We produce a basic plot of the gamma distribution that we have fitted to these data, to check that it has done what we expected. If \(\alpha\) is greater than 1 then the mode of a gamma(\(\alpha, \sigma\)) distribution is at \((\alpha - 1) \sigma\). We add a vertical line at the mode to check this.

> # Produce the plot
> curve(dgamma(x, shape = shape_par, scale = scale_par), 0, 20, ylab = "p.d.f.", xlab = "time (hours)")
> gmode <- (shape_par - 1) * scale_par
> gmode
[1] 6.074698
> # Indicate the mode
> segments(gmode, 0, gmode, dgamma(gmode, shape = shape_par, scale = scale_par), lty =2)

A digression about numerical optimisation

If we did not know how to find the mode using the values of \(\alpha\) and \(\sigma\) then we could try to find it numerically by searching for the point at which the p.d.f. is maximised. For functions like this it is common to seek to maximise the log of the p.d.f.. In practice, optimisation algorithms, like the function optim used below, are often set up to minimise a function by default. Here we set the control option fnscale to -1 to multiply the target function by \(-1\), turning our maximisation problem into a minimisation problem.

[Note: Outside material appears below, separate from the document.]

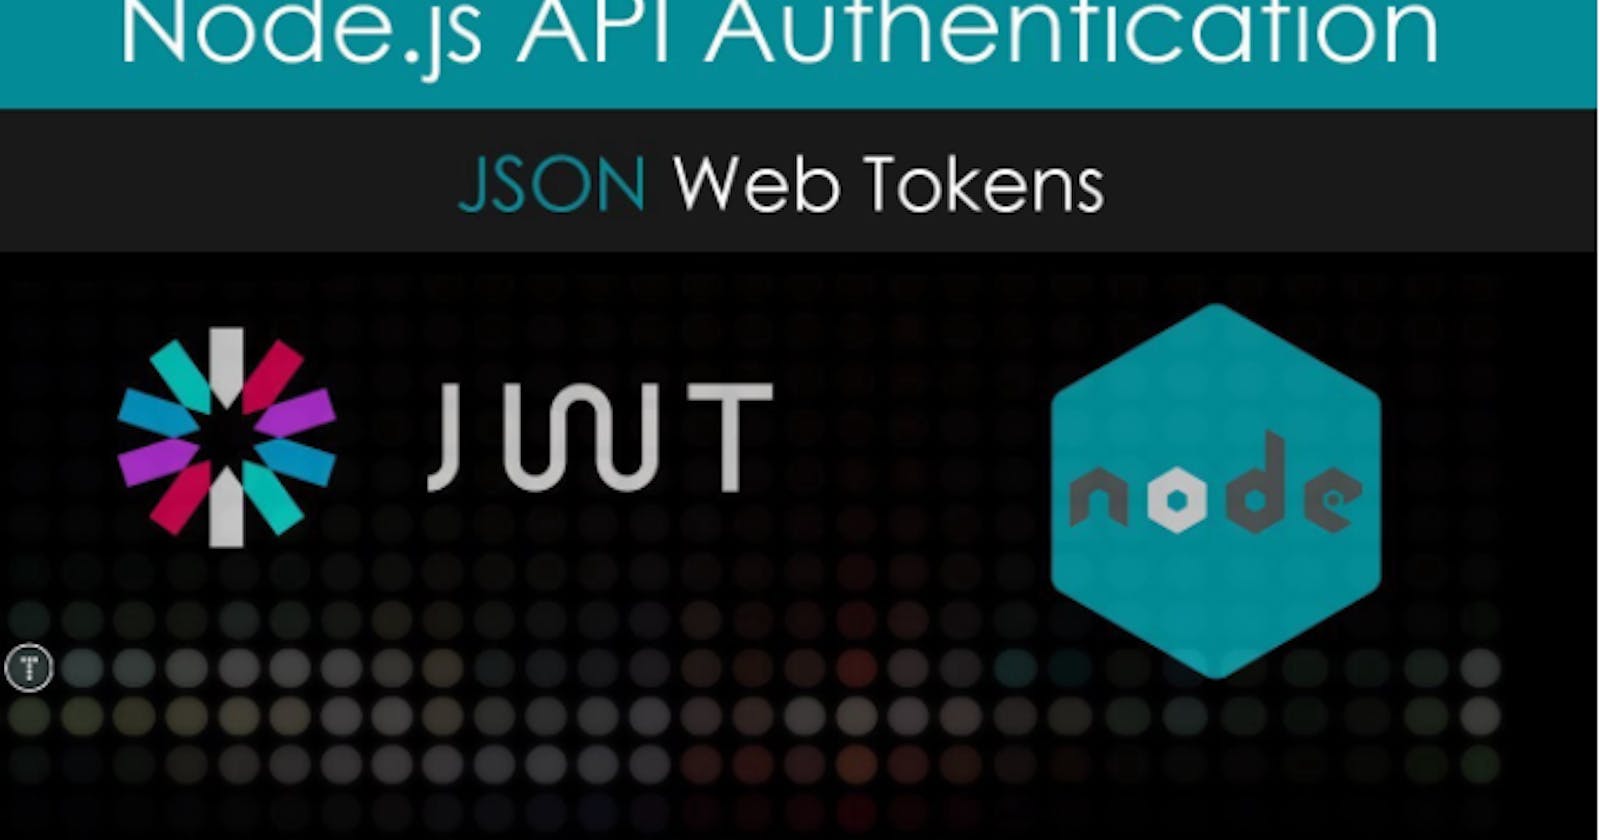 Node.js API Authentication with JSON Web Tokens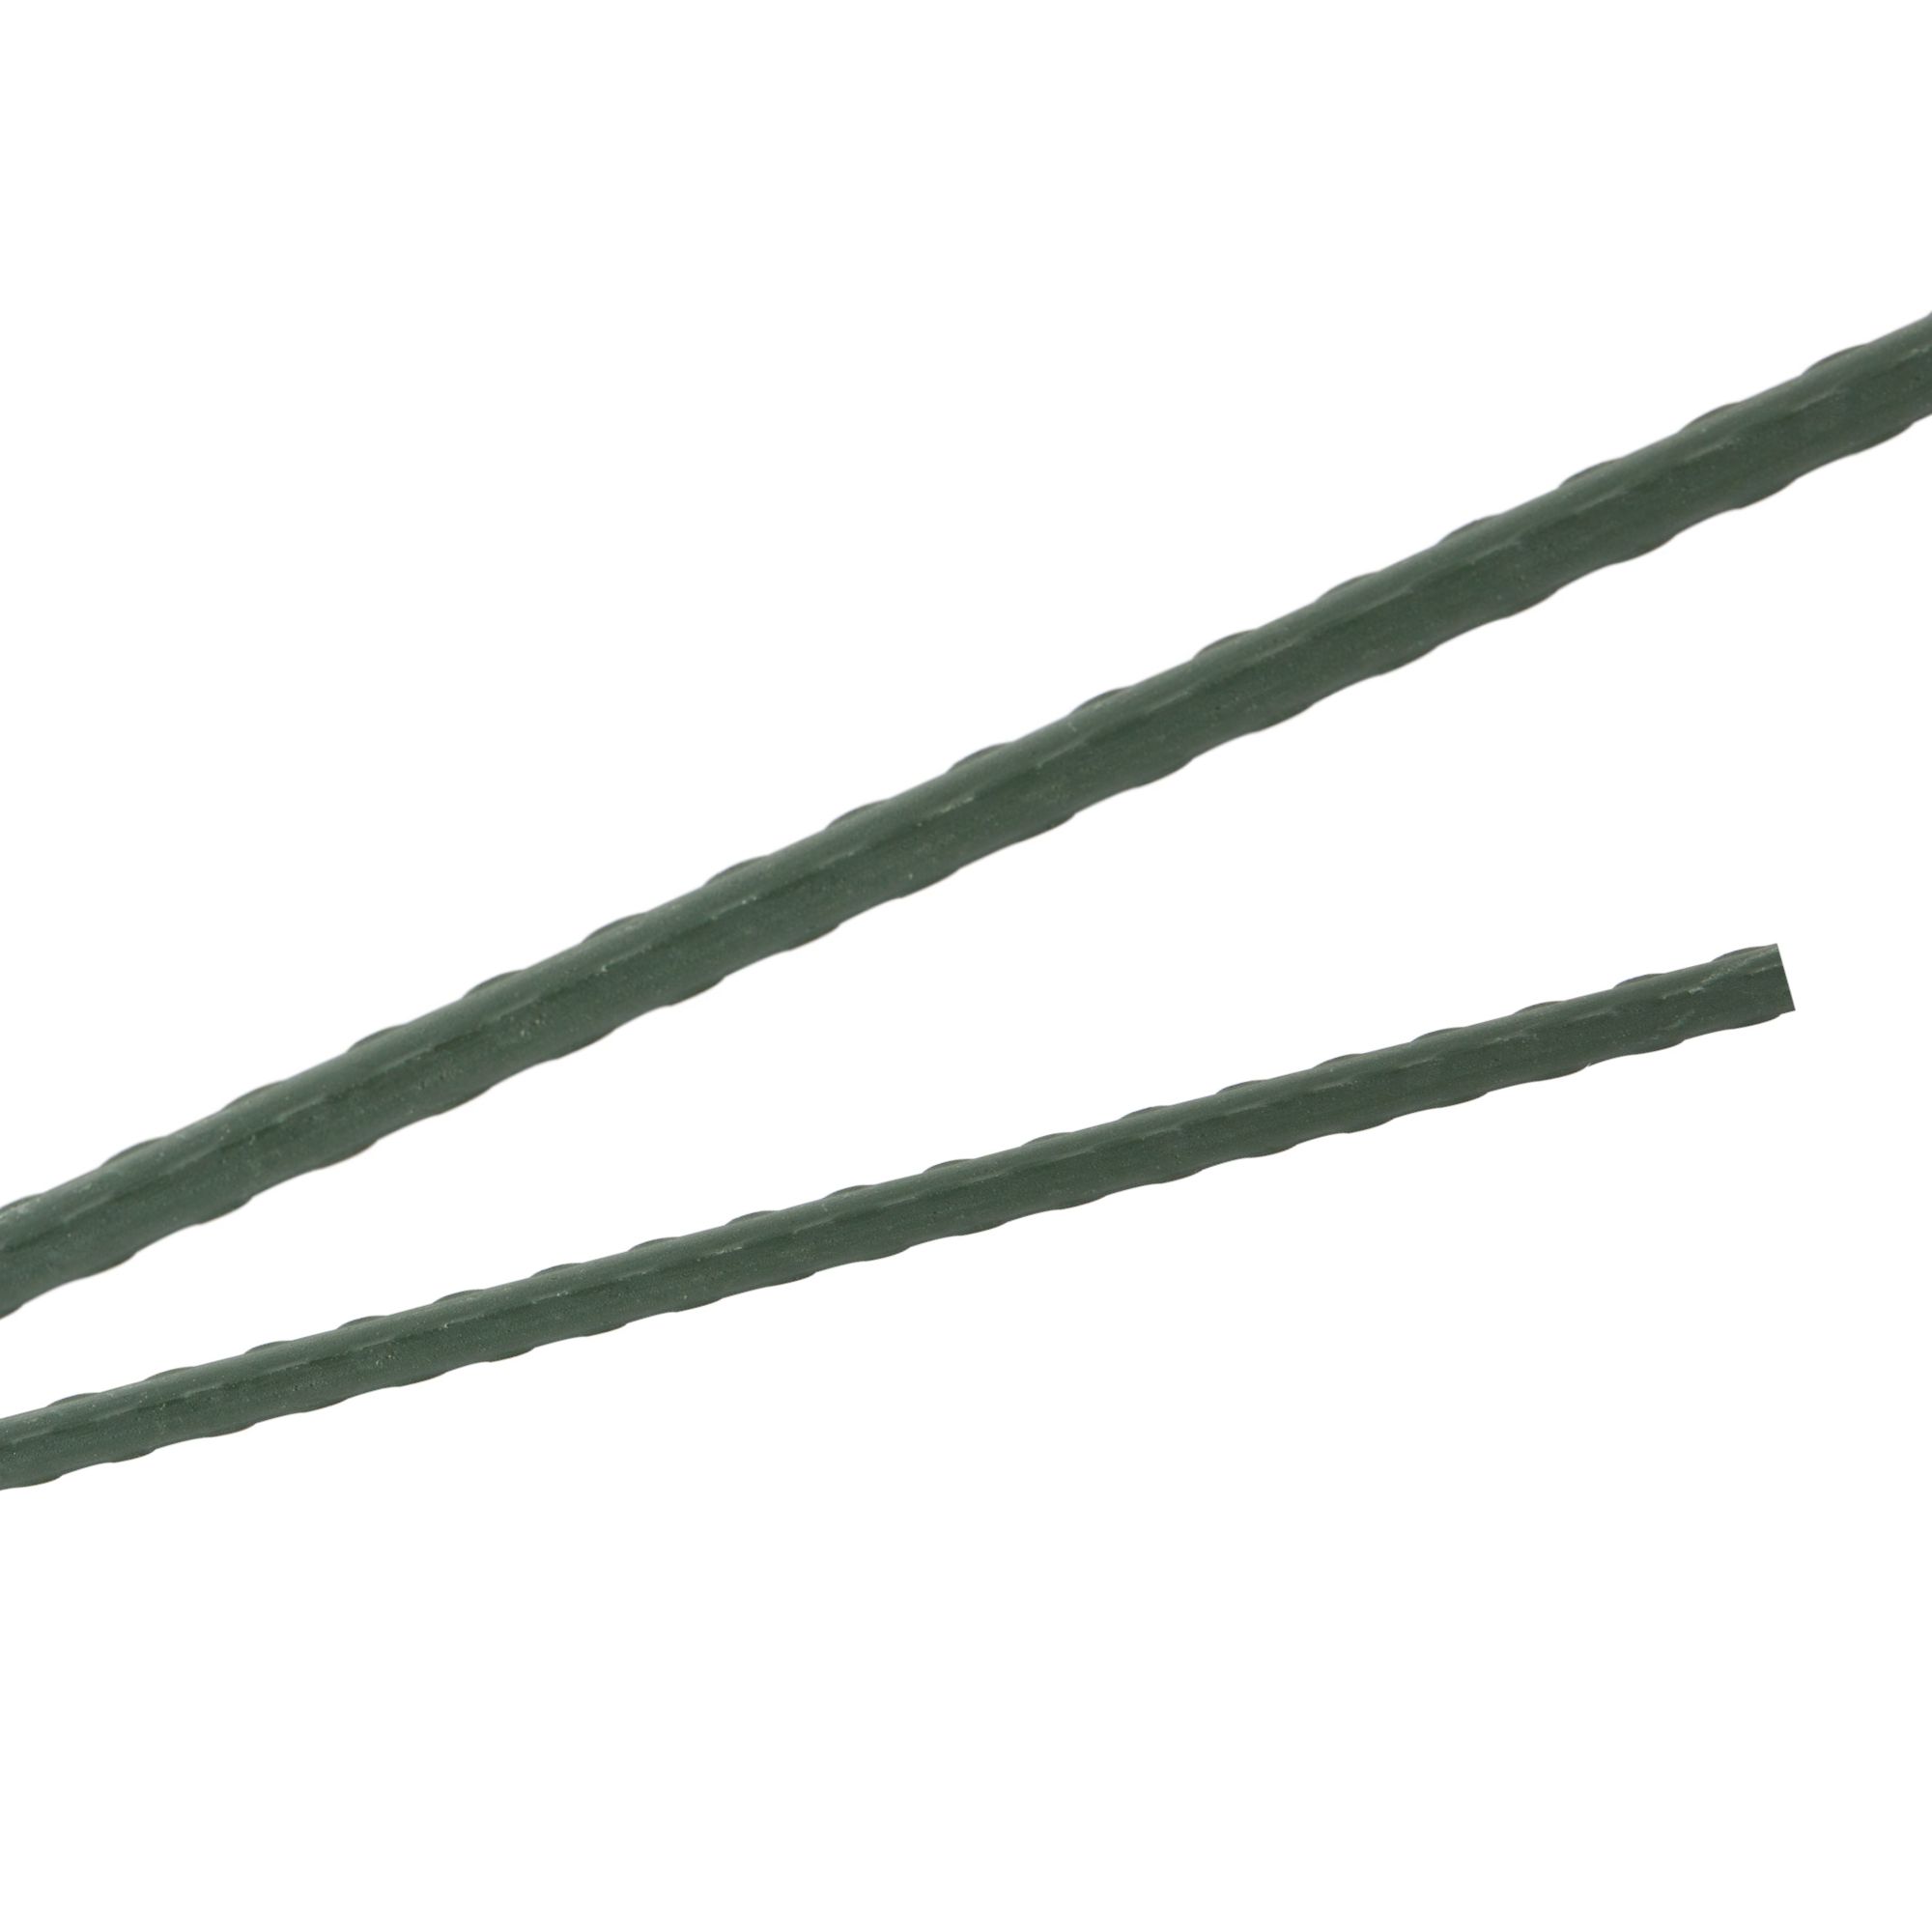 Tyč podpěrná, 20mm, 150cm, kov+PVC, zelená 0.280000 Kg GIGA Sklad20 211769 185

Note the use of ... to pass the values of shape, scale and log to the function fn. Also, method = "L-BFGS-B" chooses an optimisation method that allows us to set bounds on the solution and lower = 0 gives the information that we know that the mode cannot be less than zero.

> # A function to calculate the (log of the) gamma p.d.f.
> fn <- function(x, ...) dgamma(x, ...)
> find_mode <- optim(1, fn, shape = shape_par, scale = scale_par, log = TRUE, 
+                    method = "L-BFGS-B", lower = 0, control = list(fnscale = -1))
> # Approximate value of the mode
> find_mode$par
[1] 6.074697
> # Value of the p.d.f. at this value
> exp(find_mode$value)
[1] 0.1232569

A digression about numerical integration

It can be shown algebraically that the gamma p.d.f. integrates to 1. (This must be true otherwise it is not a p.d.f..) R has a function called integrate that performs numerical integration to estimate the value of an integral. The code below uses integrate to check that this gamma p.d.f. integrates to 1 over \((0, \infty)\).

> # Check that the p.d.f. integrates to 1
> integrate(dgamma, 0, Inf, shape = shape_par, scale = scale_par)
1 with absolute error < 1.1e-08

We could also use integrate to check that our fitted gamma distribution has the mean that we expect. Note that the ... in the definition of the function integrand that calculates the integrand can be used to pass the arguments shape and/or scale to the function dgamma that calculates the p.d.f. of a gamma distribution.

> # Check that the gamma mean is equal to the sample mean, tbar, of the data
> integrand <- function(x, ...) x * dgamma(x, ...)
> integrate(integrand, 0, Inf, shape = shape_par, scale = scale_par)
7.723158 with absolute error < 3e-07
> tbar
[1] 7.723158

The qgamma function can be used to calculate quantiles of a given gamma distribution. Suppose that we wish to calculate the median (the \(50\%\) quantile) of our fitted gamma distribution. The following code does this. It also shows that we can calculate more than one quantile at a time.

> tmedian <- qgamma(1 / 2, shape = shape_par, scale = scale_par)
> tmedian
[1] 7.181169
> qgamma(c(0.05, 0.5, 0.95), shape = shape_par, scale = scale_par)
[1]  2.926326  7.181169 14.370700

We could use integrate to check that qgamma has returned the correct median, or use the function pgamma, which calculates the c.d.f. of a gamma random variable.

> # Two ways to check that the median is correct
> integrate(dgamma, 0, tmedian, shape = shape_par, scale = scale_par)
0.5 with absolute error < 1.1e-08
> pgamma(tmedian, shape = shape_par, scale = scale_par)
[1] 0.5